How to show $U_n=\{z\in \mathbb{C } | z^n=1\}$ is cyclic I need to show that $U_n=\{z\in \mathbb{C } | z^n=1\}$ is cyclic and also work out its generator. How do I go about doing so?
 A: You can verify that all $n$ roots of that polynomial are going to look like $e^{k \times 2i \pi / n}$ by an application of Euler's formula.  If we choose a $k$, then the elements of $U_n$ that the corresponding element will generate look like $(e^{k \times 2i \pi/n})^m = e^{km \times 2i \pi / n}$ for $m \in \mathbb{N}$.  

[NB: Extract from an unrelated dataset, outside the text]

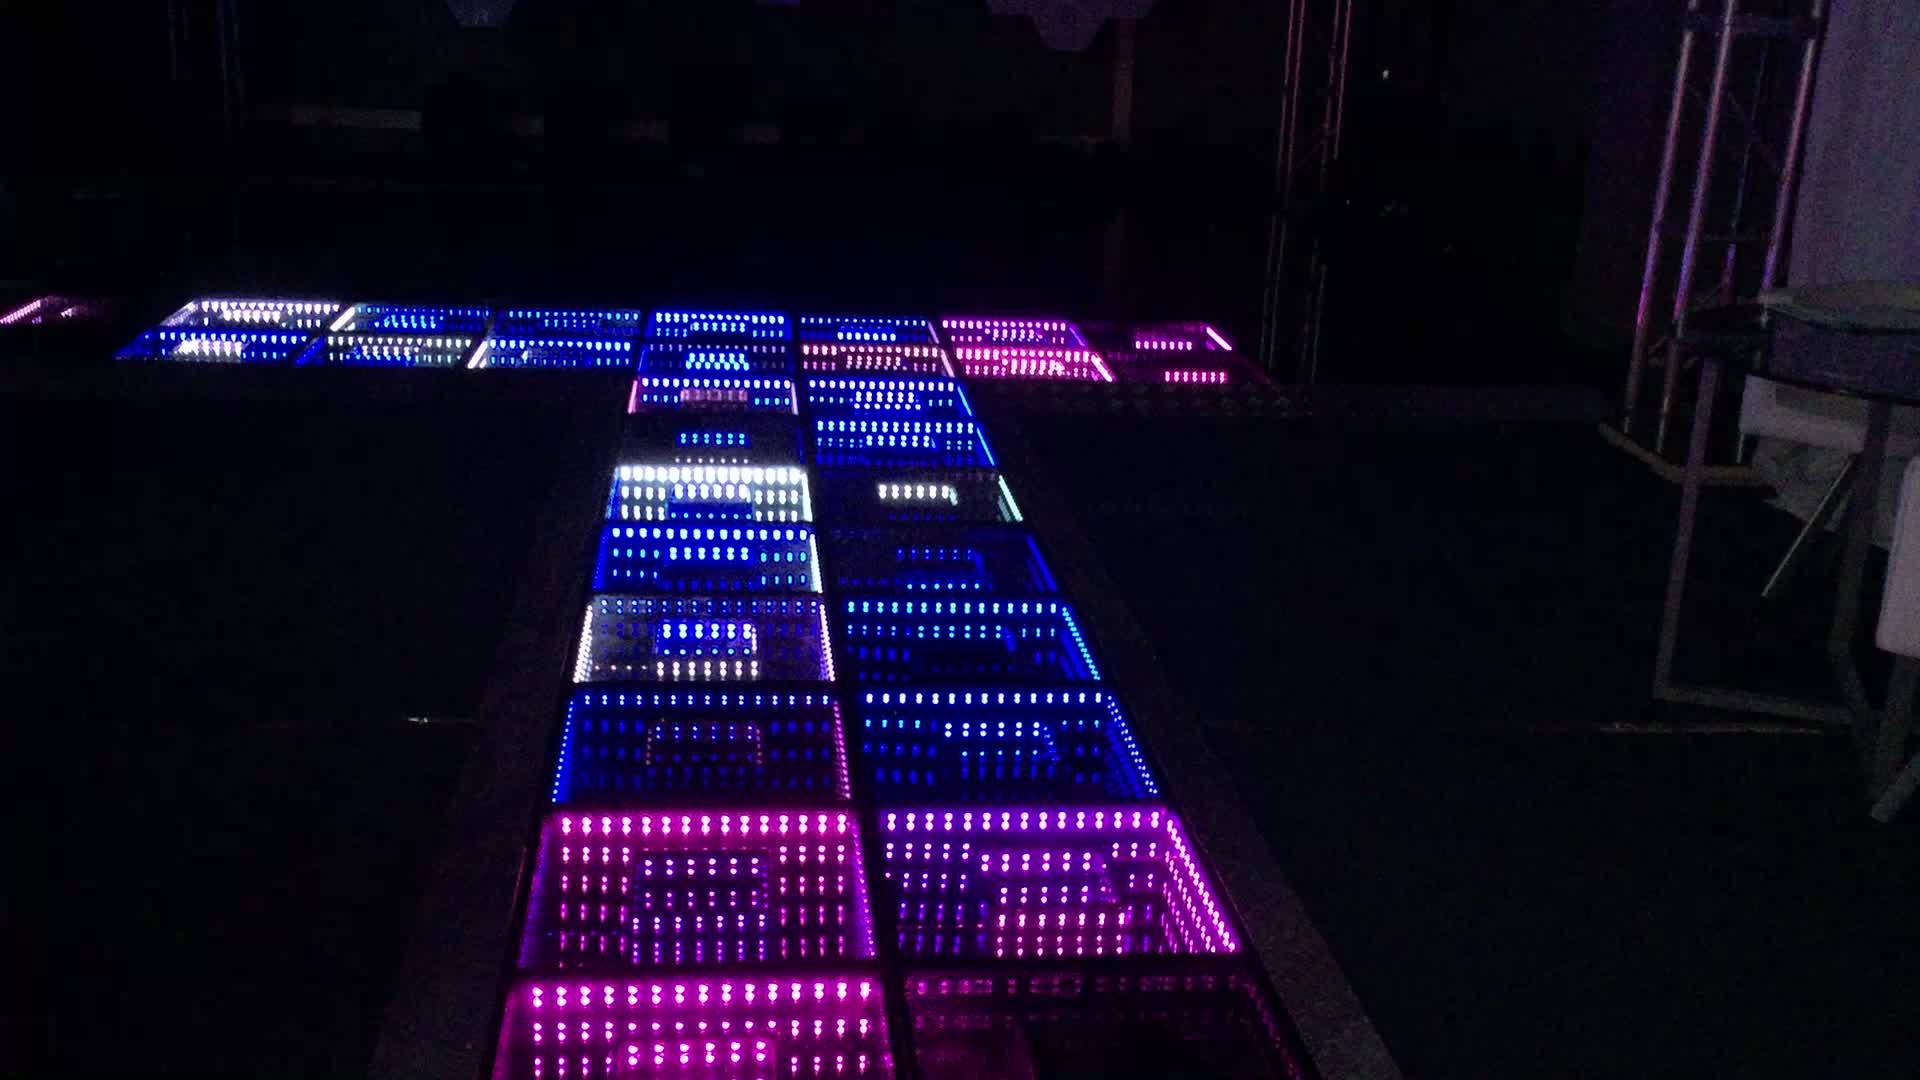 2017 ผลิตภัณฑ์ใหม่ led 3D ภาพลวงตา led กระจก led ฟลอร์เต้นรำ / ฟลอร์เต้นรำ led สีขาวสีดำ

Once $m$ is sufficiently large, we will wrap back around to where we started: $e^{k \times 2i \pi/n}$.  For example, if $n=3$ and $k=4$, we get: $(e^{2i\pi/3})^4 = e^{8i \pi/3} = e^{6i \pi/3 + 2i \pi/3} = e^{6i\pi/3}e^{2i\pi/3} = e^{2i \pi/3}$.
If a given member $x \in U_n$ is a generator, then this wrapping back around should not occur until $k=n+1$.  Stated in an equivalent way, $n$ should be the smallest positive integer for which $x^n = 1$.  Note that $x^m = 1$ implies that $km$ a multiple of $n$.  What $k$ are such that $kn$ is the smallest multiple of both $k$ and $n$?
If it helps, try out some $k$ for small choices of $n$ and look for a relationship between the $k$ that work for a given $n$.
A: Let $\omega=e^{\frac{2 \pi i}{n}}$.
Then $\omega^k$ is a root of $z^n=1$ for all $k=0,\dots,n-1$. Therefore, $\langle \omega \rangle \subseteq U_n$.
These $n$ numbers are all the roots of $z^n=1$ because $\mathbb C$ is a field and a polynomial of degree $n$ cannot have more than $n$ roots.
Therefore, $U_n = \langle \omega \rangle$ is cyclic.